Kamboçya-Tayland Gerginliği Çatışmaya Dönüştü

Paylaş

Tayland ile Kamboçya arasında Preah Vihear tapınağı üzerinden başlayan sınır savaşının temelinde geçmiş tarih, sömürgecilerin oturduğu yerden çizdiği sınır ve iç siyasetteki çıkar ilişkileri yatmaktadır. Geçmişin emperyalist güçlerinin ektiği fitne tohumları sadece bölgemizde değil Güneydoğu Asya, Afrika ve Latin Amerika gibi bölgelerde de önümüze çıkıyor. Sömürgeciler insanlığa kan, zulüm, göz yaşı ve katliamdan başka bir şey sunmamıştır. İki ülke arasındaki düşmanlık, Fransa’nın 19. yüzyılda Kamboçya’yı işgalinden sonra iki ülkenin sınırlarının çizildiği döneme dayanıyor.

Coğrafyamızdan uzak Tayland ve Kamboçya iki sınır komşusu tarihi husumetlerini fiili çatışmaya dönüştürdü. 24 Temmuz’da Tayland’ın Surin eyaleti ile Kamboçya’nın Oddar Meanchey eyaleti arasındaki sınırda sabah saatlerinde silah sesleri yükseldi. Tayland, bir dronun ardından Kamboçyalı askerlerin sınır hattına yaklaştığını ve roket saldırısı düzenlediğini iddia ediyor. Kamboçya ise ilk saldırıyı Tayland’ın başlattığını ileri sürüyor.

Tayland ordusu, F‑16 jetleriyle Kamboçya’da askeri hedeflere hava saldırısı düzenledi; Kamboçya da Tayland’ın hava saldırılarına jetlerle karşılık verdi. Kamboçya Tayland’ı yasaklı salkım bombası kullandığını iddia etti.
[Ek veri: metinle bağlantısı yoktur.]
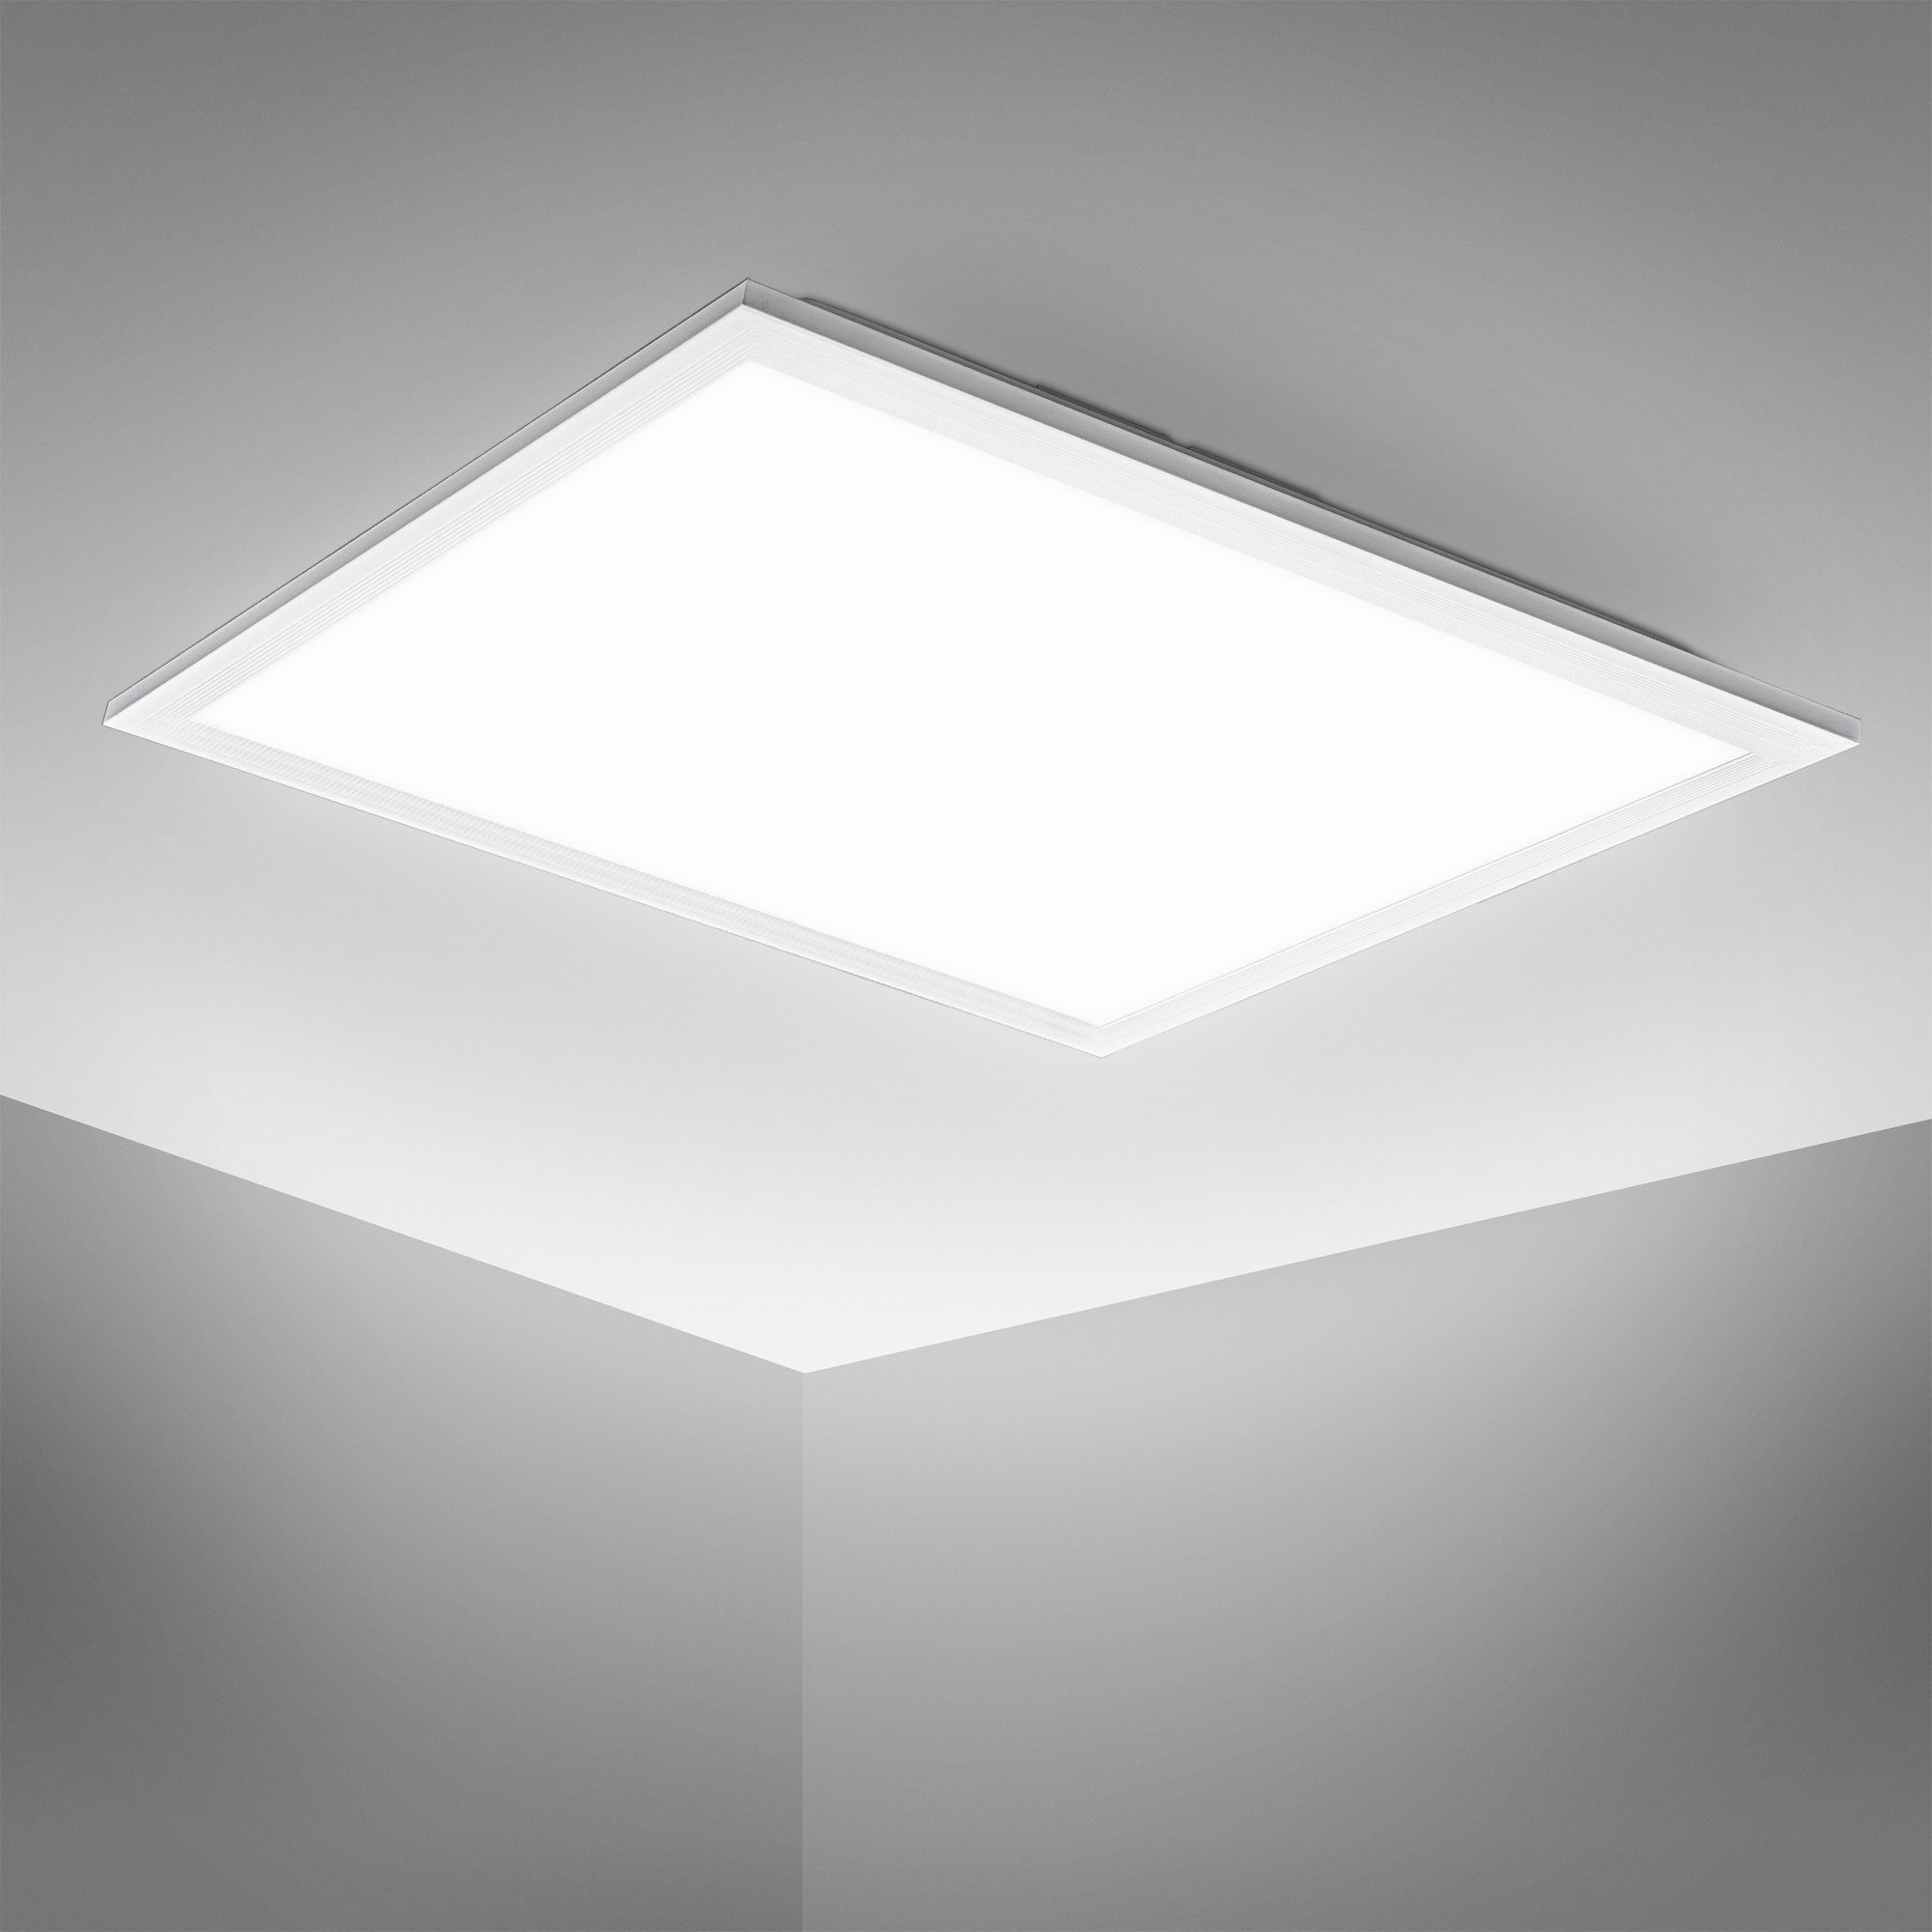 B.K.Licht LED Deckenleuchte BK_DP1325 LED Panel, Weiß, 29,5 x 29,5 cm,  4.000K neutralweißes Licht, LED fest integriert, Neutralweiß, Deckenlampe  5,5 cm flach, 12W,

Taraflar, birbirini suçlayarak diplomatik ilişkileri sonlandırarak kanlı savaşı başlattılar.

Çatışmalar roket, topçu atışları, uçak, dron ve kara unsurlarıyla çok cepheli biçimde devam ettiği yönünde haberler alıyoruz. Tayland tarafı, Kamboçyalıların sivillere roket atışı yaptığını belirtirken, Kamboçya tarafı da F‑16 bombardımanı sonrası yol ve kültürel alanların zarar gördüğünü iddia etti. Taraflar birbirlerini yasaklı silahlar kullanmakla suçluyor. Bir taraftan cephede savaşırken bir taraftan da diploması ve sosyal medyadan mücadele ediliyor. Artık savaşlar farklı hal almaya başladı. Kim daha çok medyayı kullanabilirse haklı olduğu imajı oluşturulmaya çalışılıyor.

Ölü ve yaralı sayısı her geçen gün artarken sınır boylarında siviller bulundukları yerleri terk ederek daha güvenli olan bölgelere gitmeye çalışıyor. Olan sivillere oldu. Durup dururken insanı kriz yaşanarak halklar göçmen durumuna düştü.
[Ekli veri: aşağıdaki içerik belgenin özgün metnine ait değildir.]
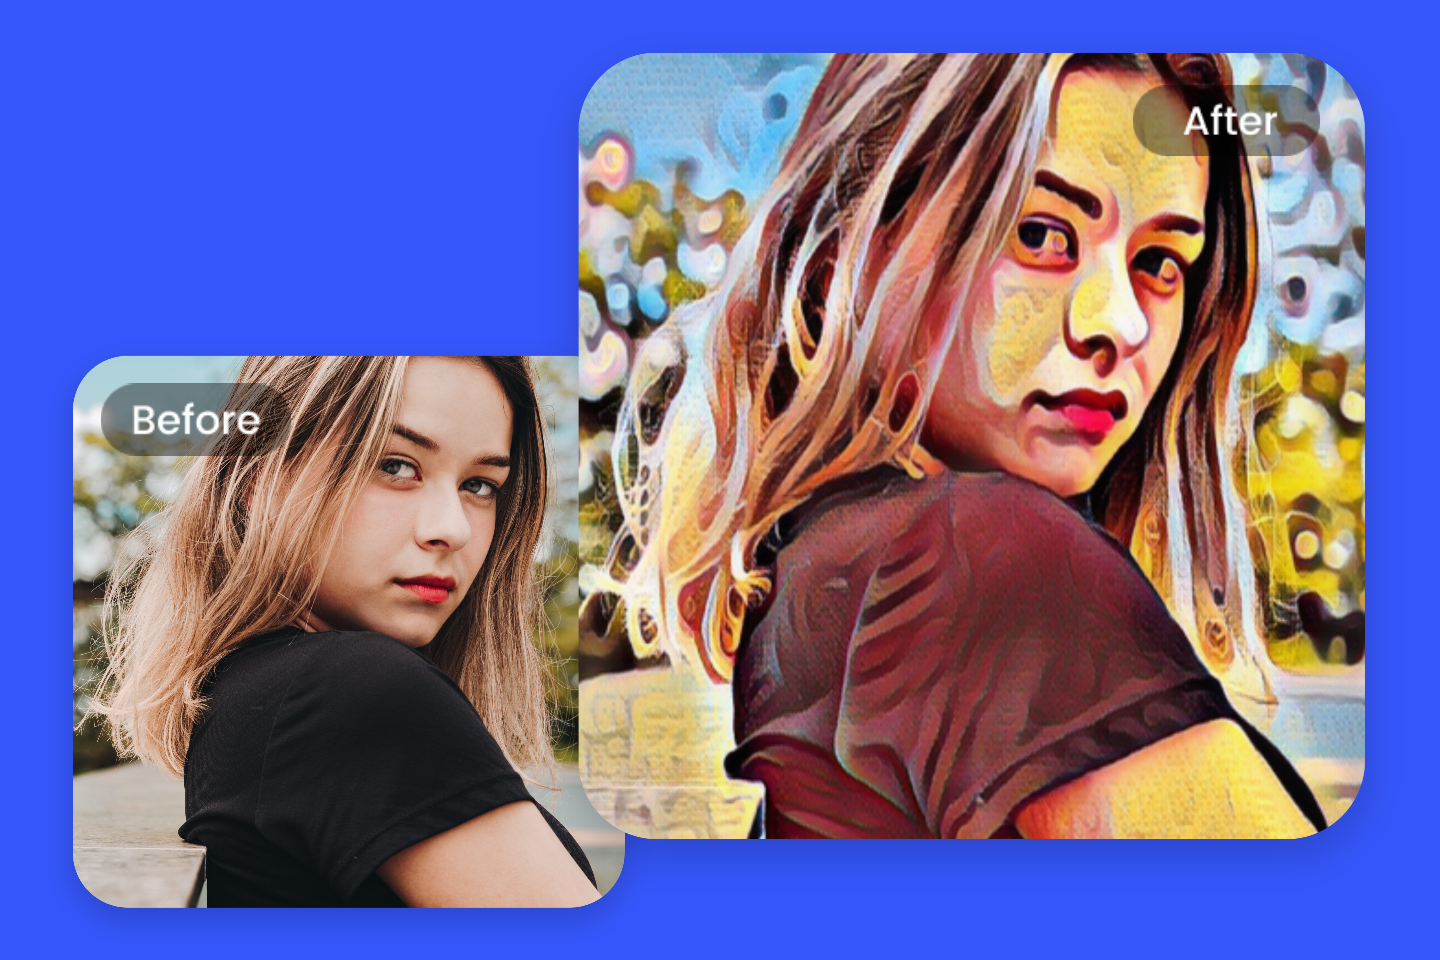 Convertir la imagen de una chica en efecto pop art usando la herramienta de efecto pop art de Fotor

Kamboçyalı Siyasetçi Tayland Başbakanına Tuzak Kurdu

Taraflar siyasi manipülasyon ve milliyetçilik yaparak halkları kendi tarafına çekmenin peşinde. Tayland’da azledilen Başbakan Bayan Paetongtarn Shinawatra olaydan önce Kamboçya’nın Senato Başkanı Hun Sen ile yaptığı konuşma basına sızdırılınca siyası krize neden oldu. Shinawatra, Sen’e aşırı saygılı davranması nedeniyle Anayasa Mahkemesi tarafından görevden uzaklaştırıldı. Yerine yardımcısı Suriya Juangroongruangkit getirildi. Kurt politikacı Sen tarafından basına sızdırılan bu konuşma Tayland’daki milliyetçileri kızdırdı.
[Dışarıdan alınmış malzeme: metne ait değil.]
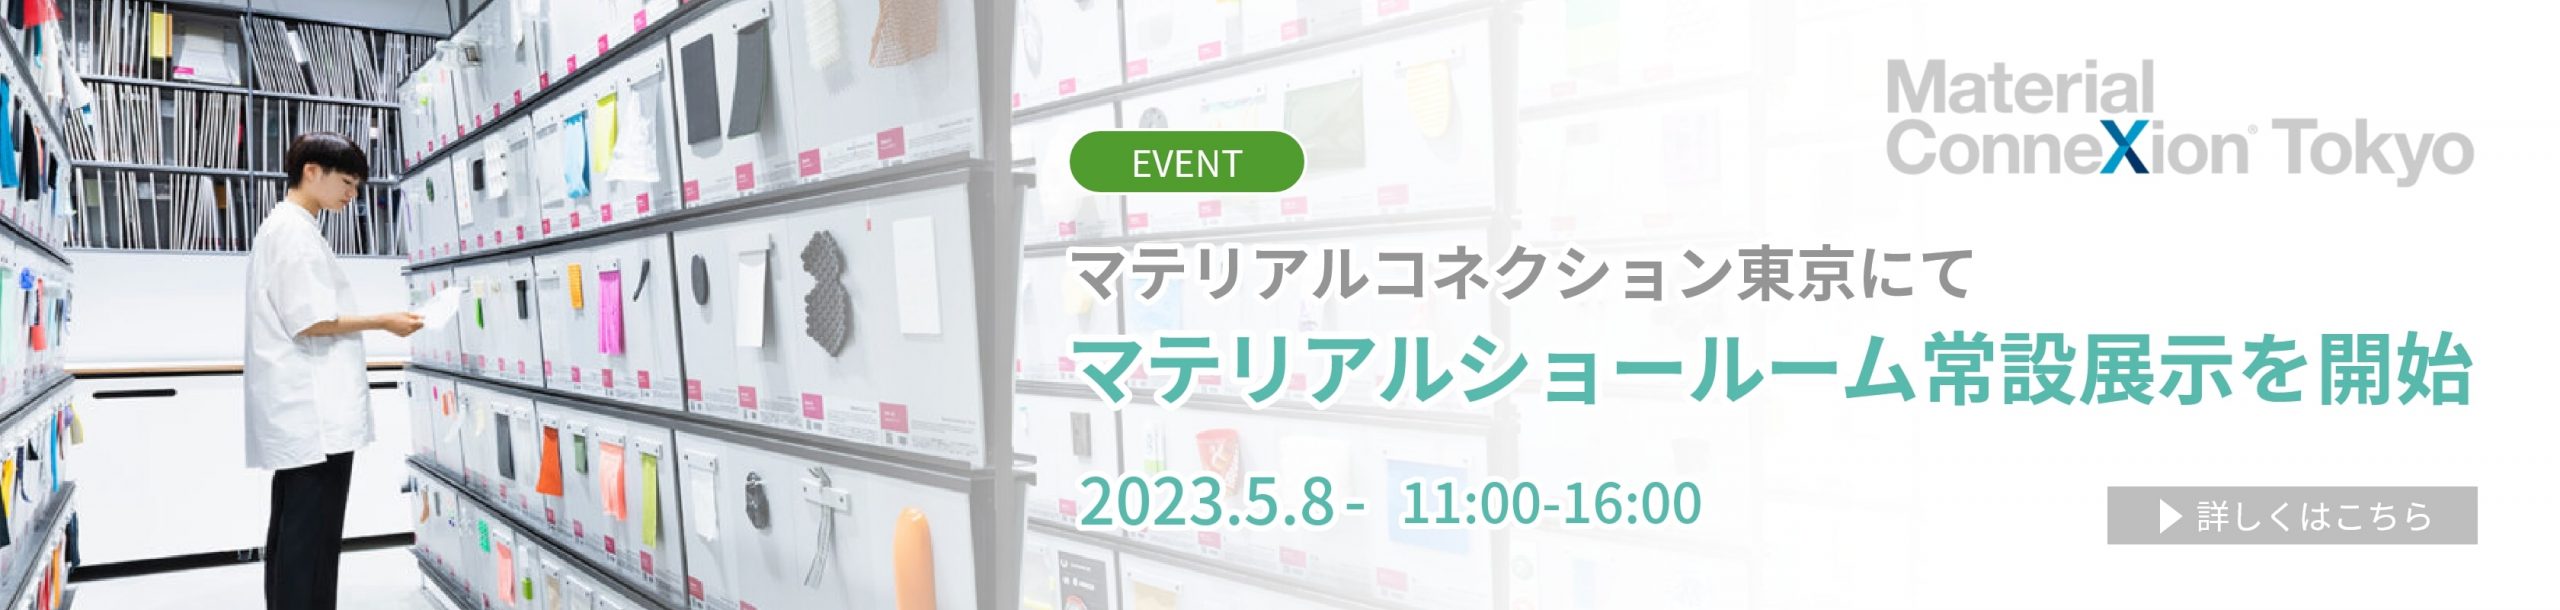 マテリアルコネクション東京にてマテリアルショールーム常設展示を開始

Politikacılar siyasi avantaj elde etmek için tarihsel anlaşmazlığı milliyetçileri saflarına çekmek için savaşı başlattı. Bu strateji, yalnızca uluslararası ilişkileri germekle kalmadı; aynı zamanda bölge halkının günlük hayatını da olumsuz etkiledi. Tapınağın çevresi turizme kapatıldı, yerel işletmeler zarar gördü, yabancı turistler yaptığı rezervasyonları iptal etti, sınır köyleri militarize edildi ve çatışmalarda can kayıpları yaşanıyor. Yani tarih, siyasetin gölgesinde yalnızca anlamını değil, masum insanların hayatlarını da yitirmeye neden oldu.

Tayland’da iç siyasi çekişmeler dorukta. Hükümet ile muhalefet arasında giderek büyüyen bir kutuplaşma yaşanıyor. Siyasi rakipleri Tayland’ın eski diktatörü Thaksin’in kızı Bayan Shinawatra’yı iyice köşeye sıkıştırdı. Kamboçya ise yaklaşan seçimleri milliyetçi bir atmosferde yürütüyor. Konuşmayı sızdıran eski diktatör Sen’in oğlu Başbakan Hun Manet henüz kendi otoritesini kuramadı. Ülkede saygınlığı yok. Baba Hun Sen, kendi milliyetçi kimliğini parlatmak, çatışmayı daha da ileri götürmek için iyice şirretleşti. Her iki ülkede de liderler, tapınağı kendi çıkarı için kullanıp ve millî gururun sembolü haline getirerek halk desteğini kazanmaya çalışıyor. Tapınak, kültürel bir mirastan çok “zafer alanı”na dönüştürüldü.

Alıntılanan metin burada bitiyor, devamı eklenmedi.